"""
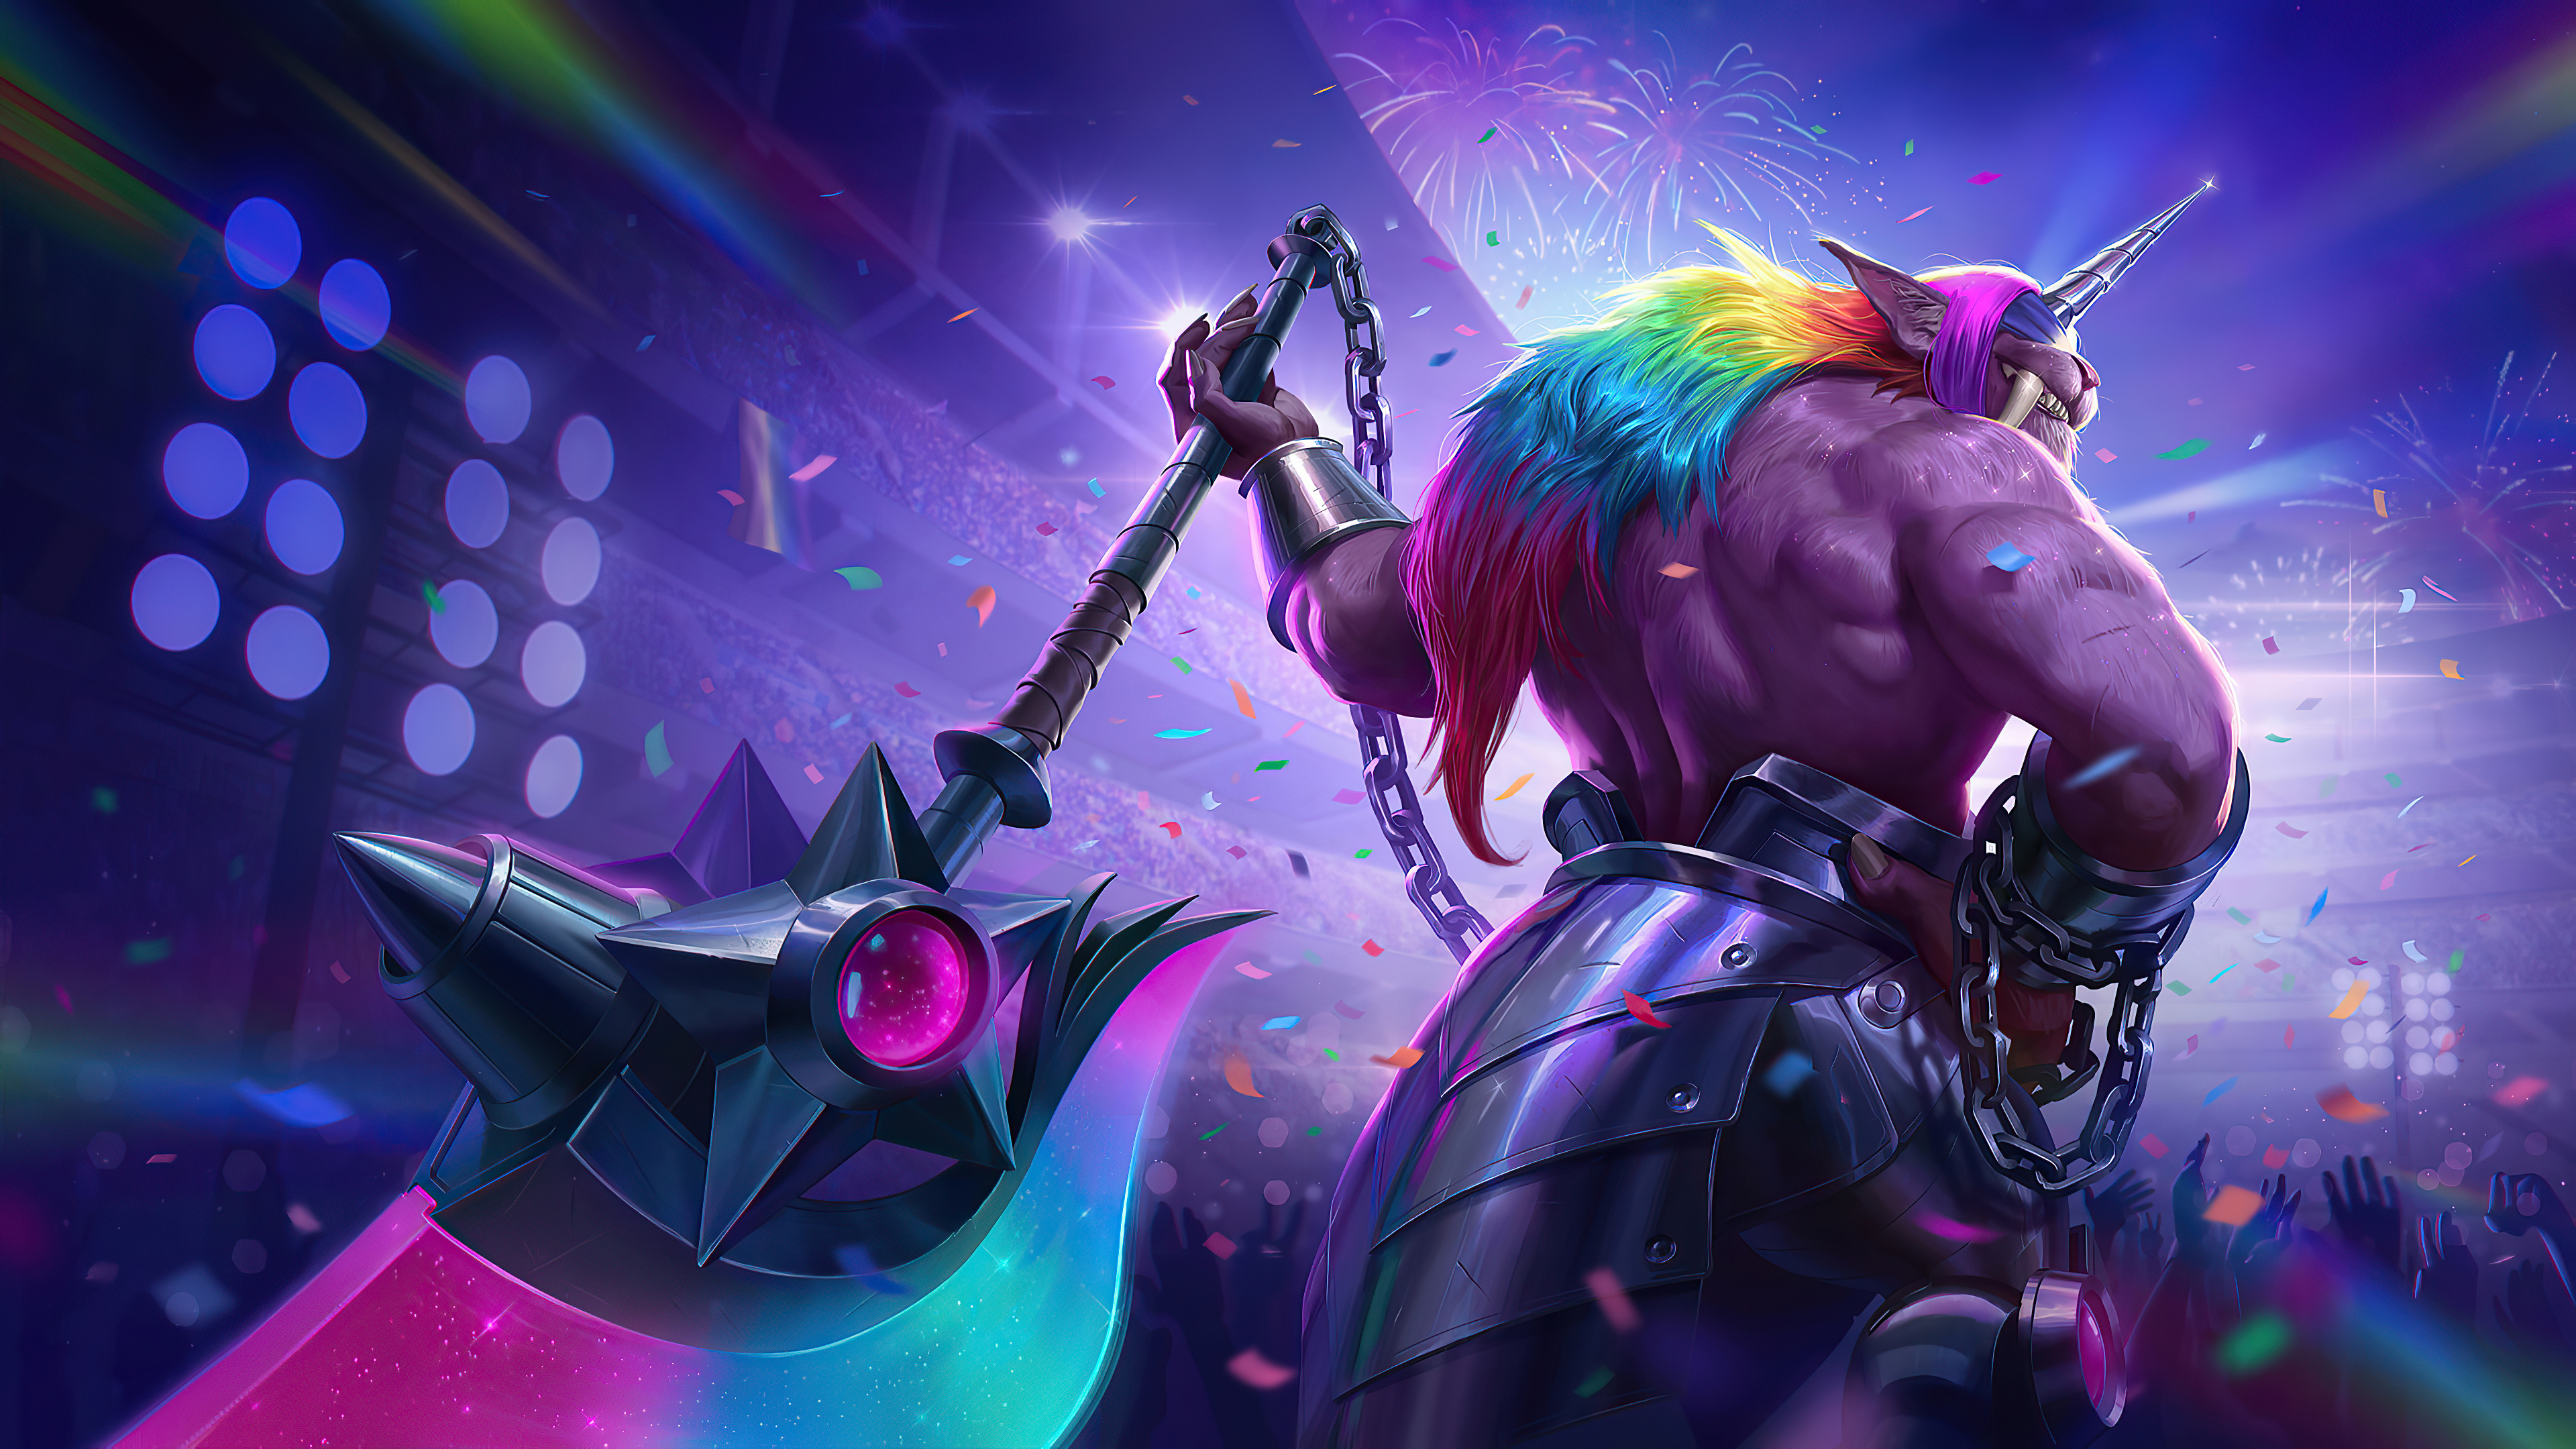 vainglory rainbow glaive 4k 1598657748 - Vainglory Rainbow Glaive 4k -
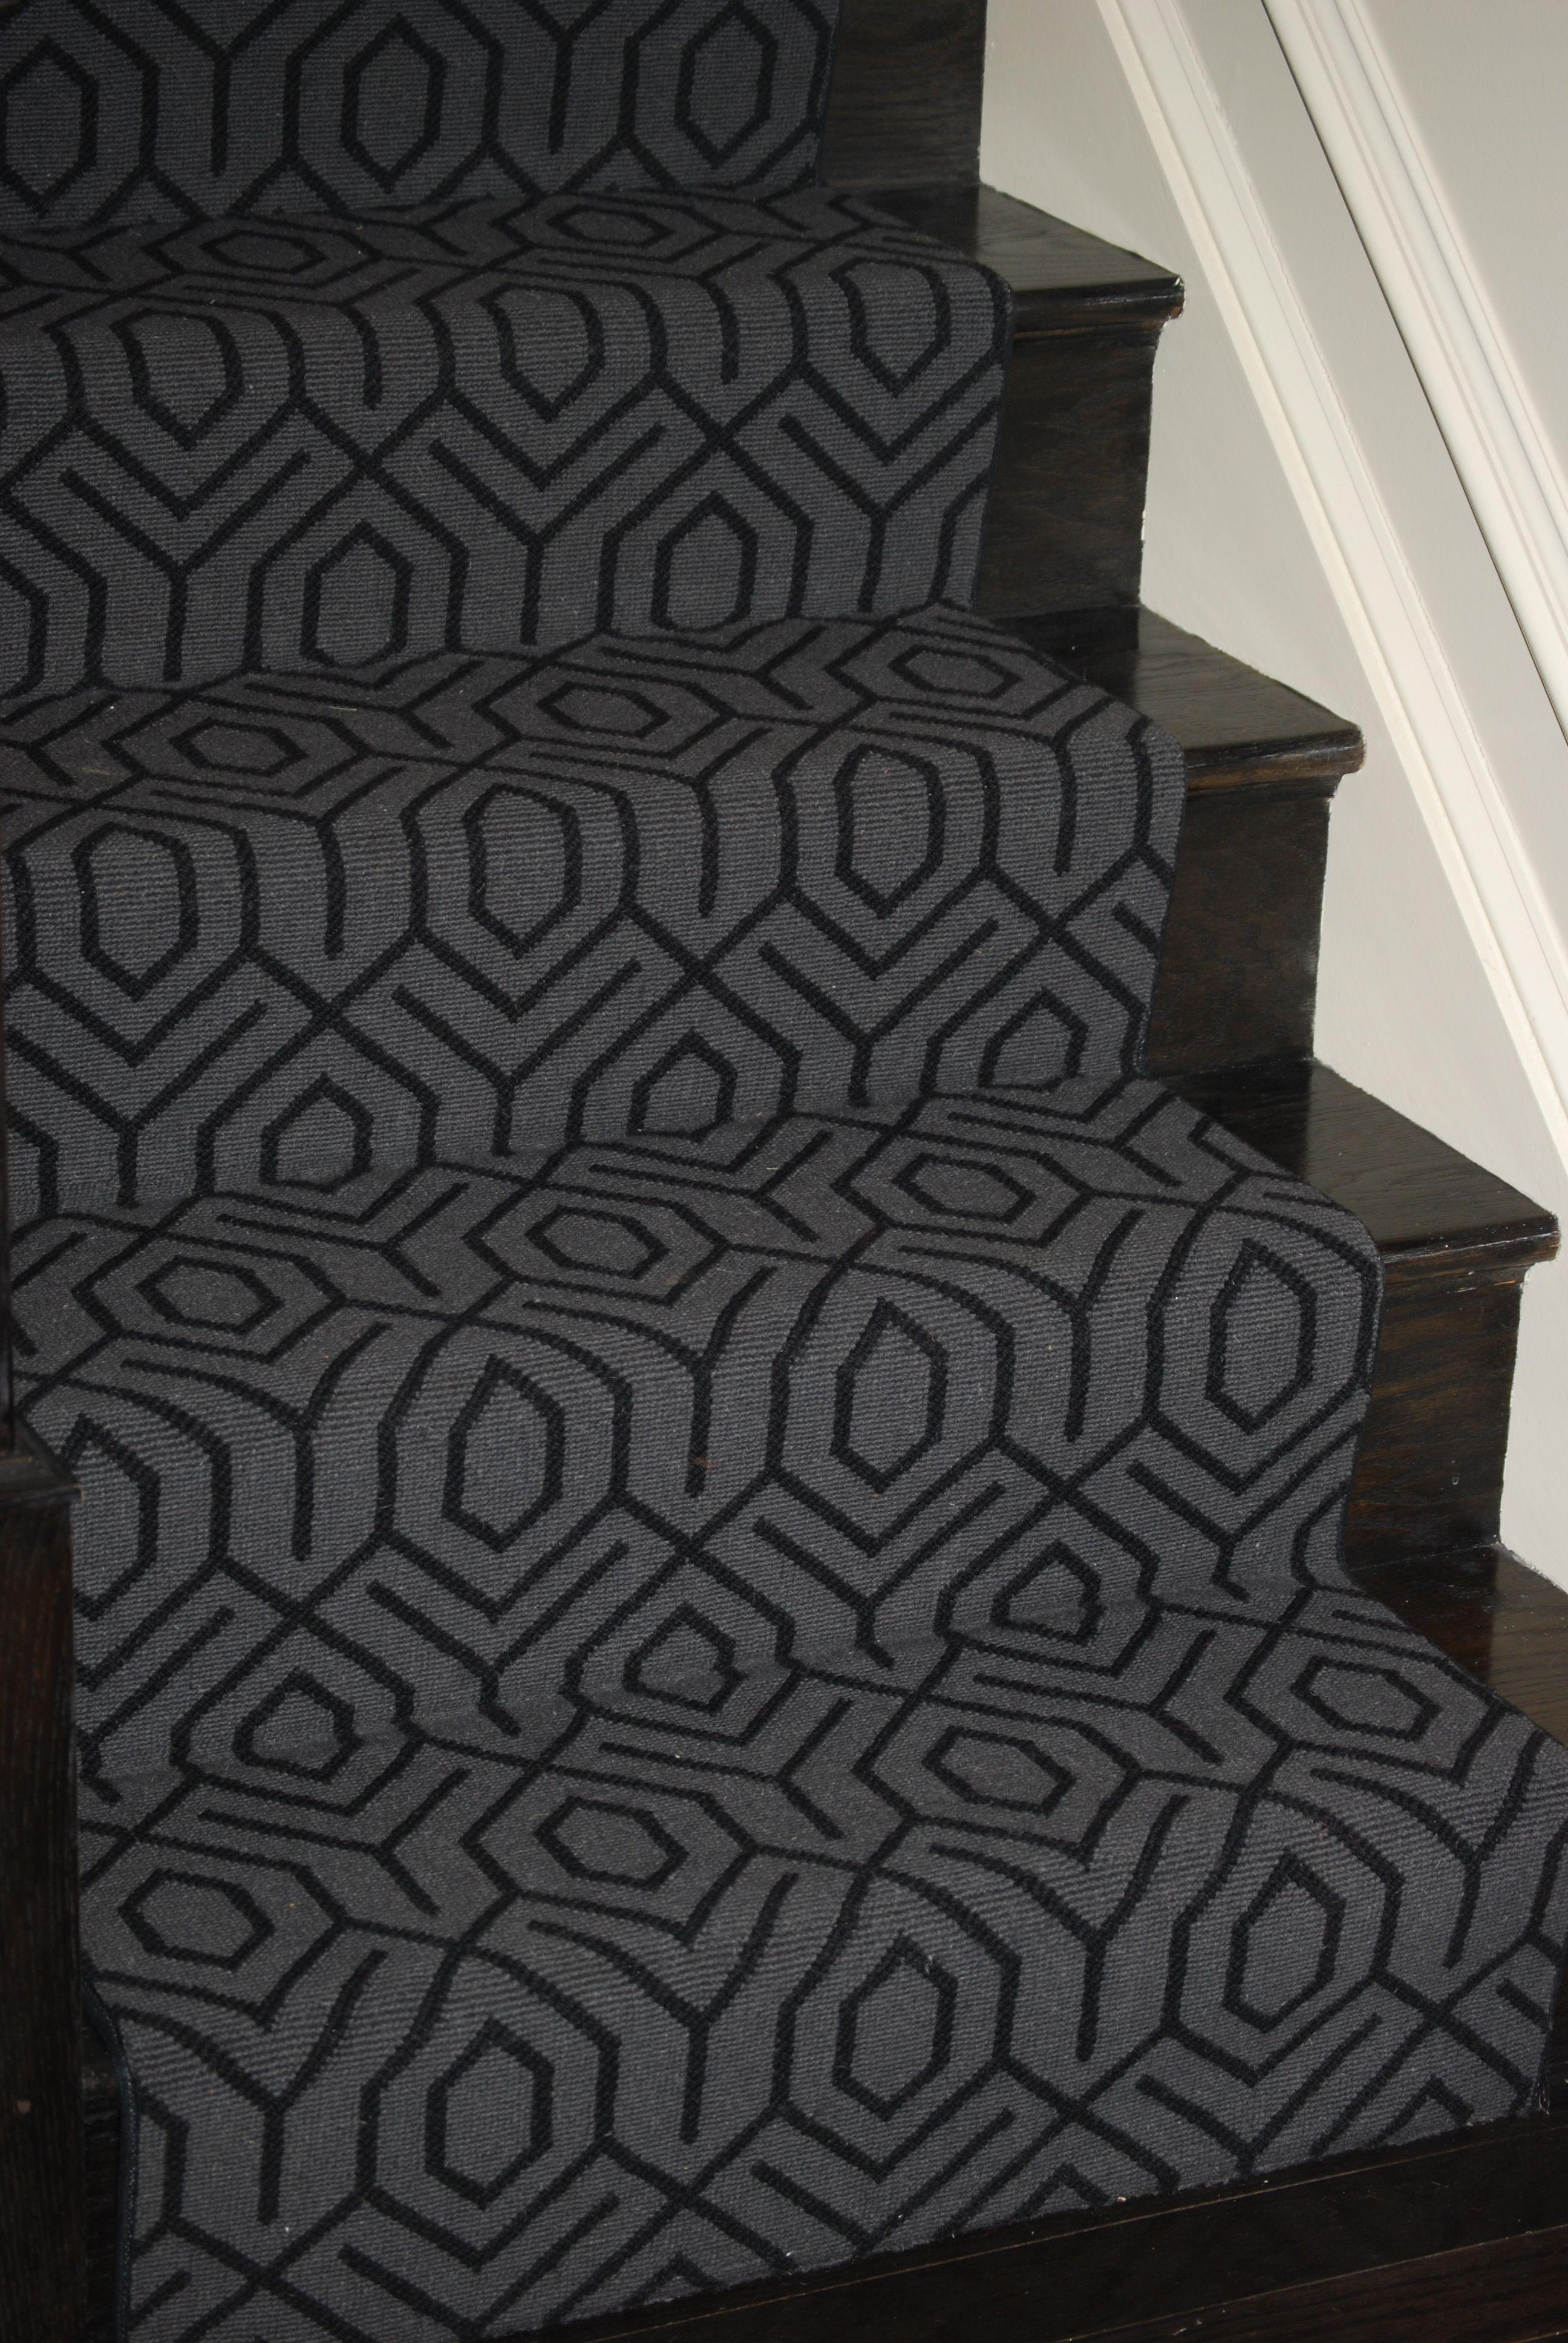 Geometric Stairs Geometric Staircase Melbourne: Stair Runner W/ Geometric; Dark Stain, Dark Rug
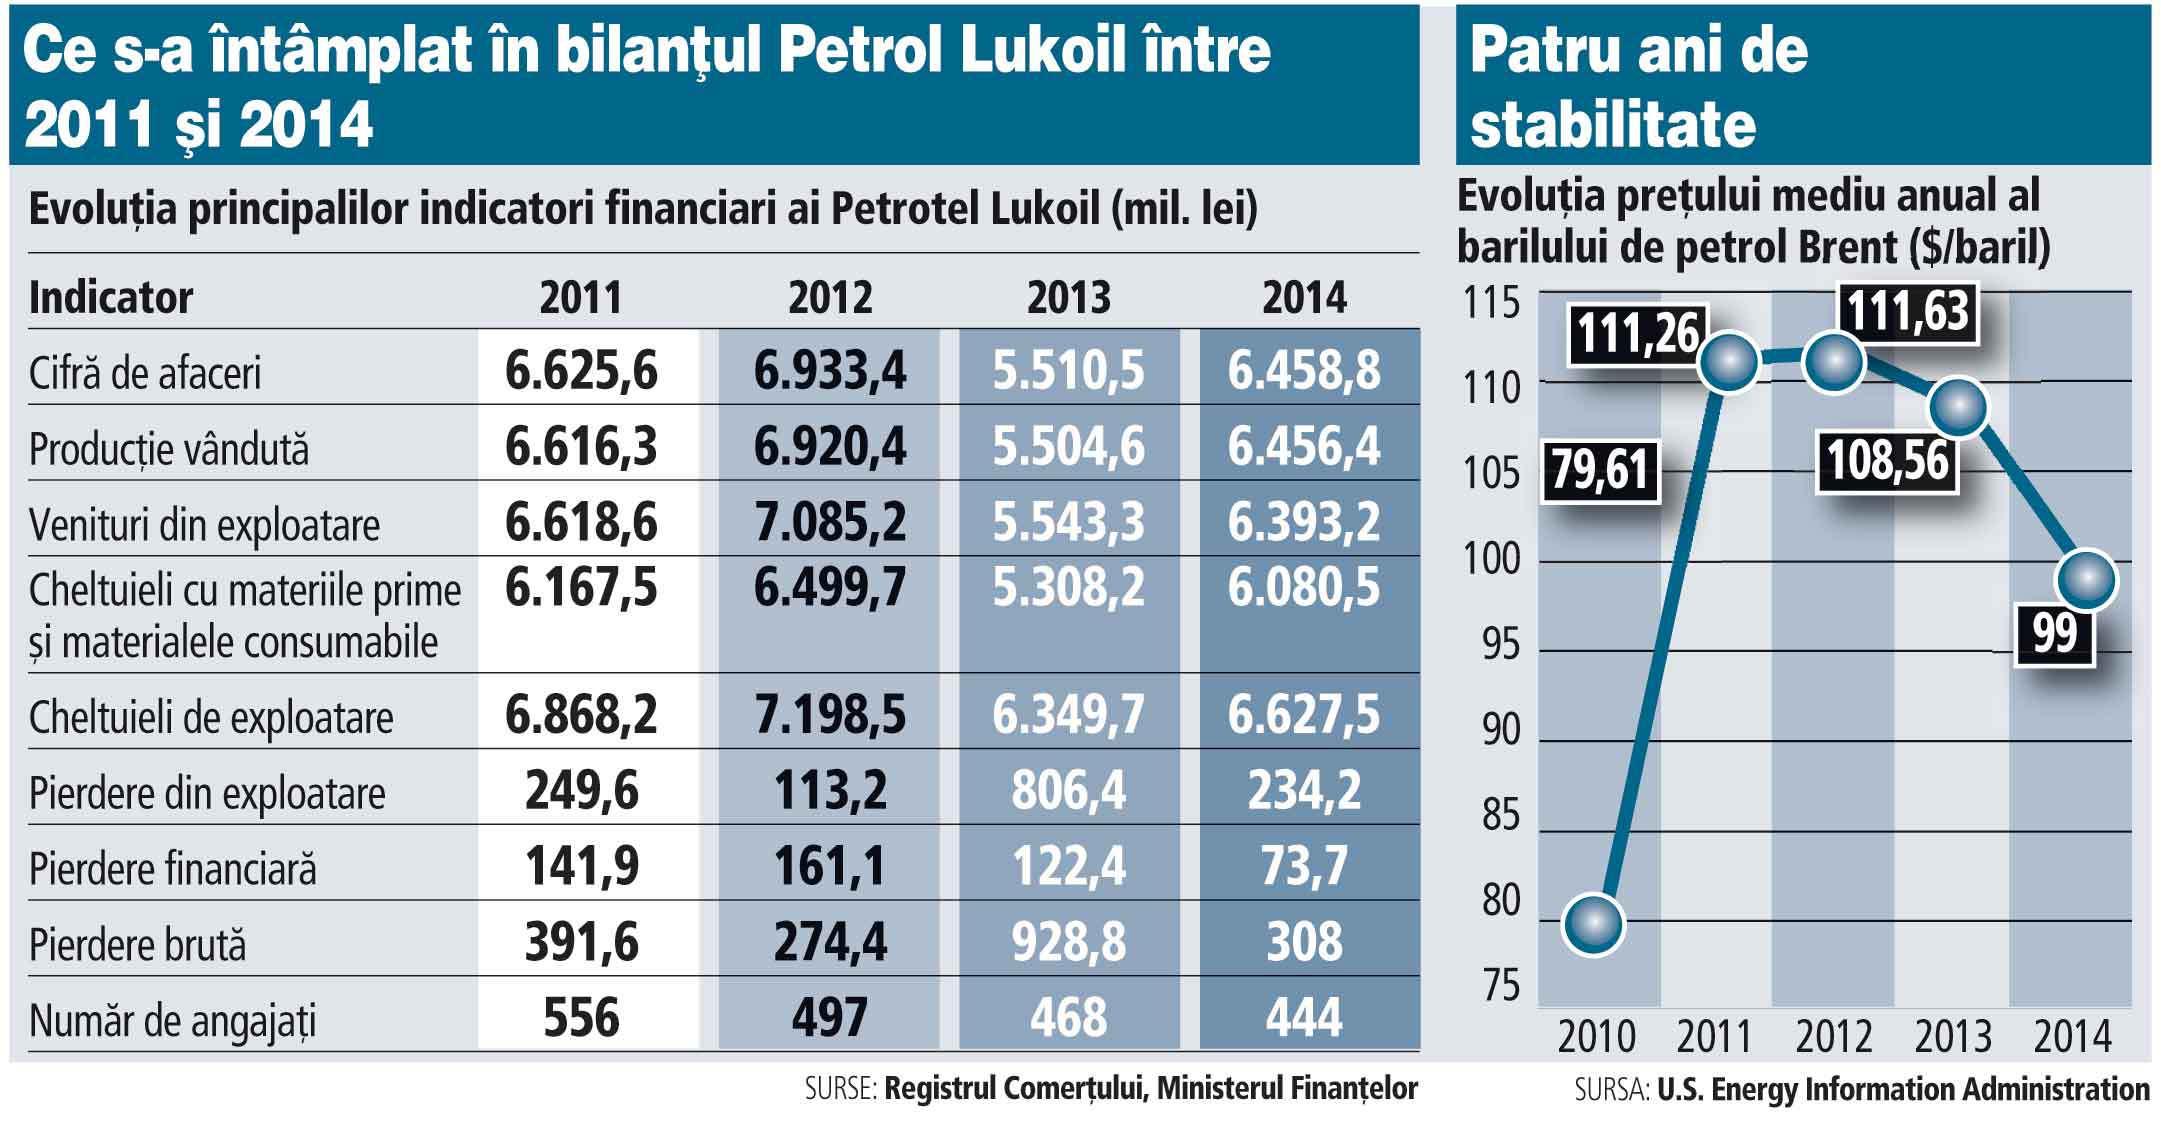 Evoluţia principalilor indicatori financiari ai Petrotel Lukoil (2011-2014)
"""
What you will do: Transcribe the listing above verbatim. No picture belongs in the result.

Task answer:
 vainglory rainbow glaive 4k 1598657748 - Vainglory Rainbow Glaive 4k -
 Geometric Stairs Geometric Staircase Melbourne: Stair Runner W/ Geometric; Dark Stain, Dark Rug
 Evoluţia principalilor indicatori financiari ai Petrotel Lukoil (2011-2014)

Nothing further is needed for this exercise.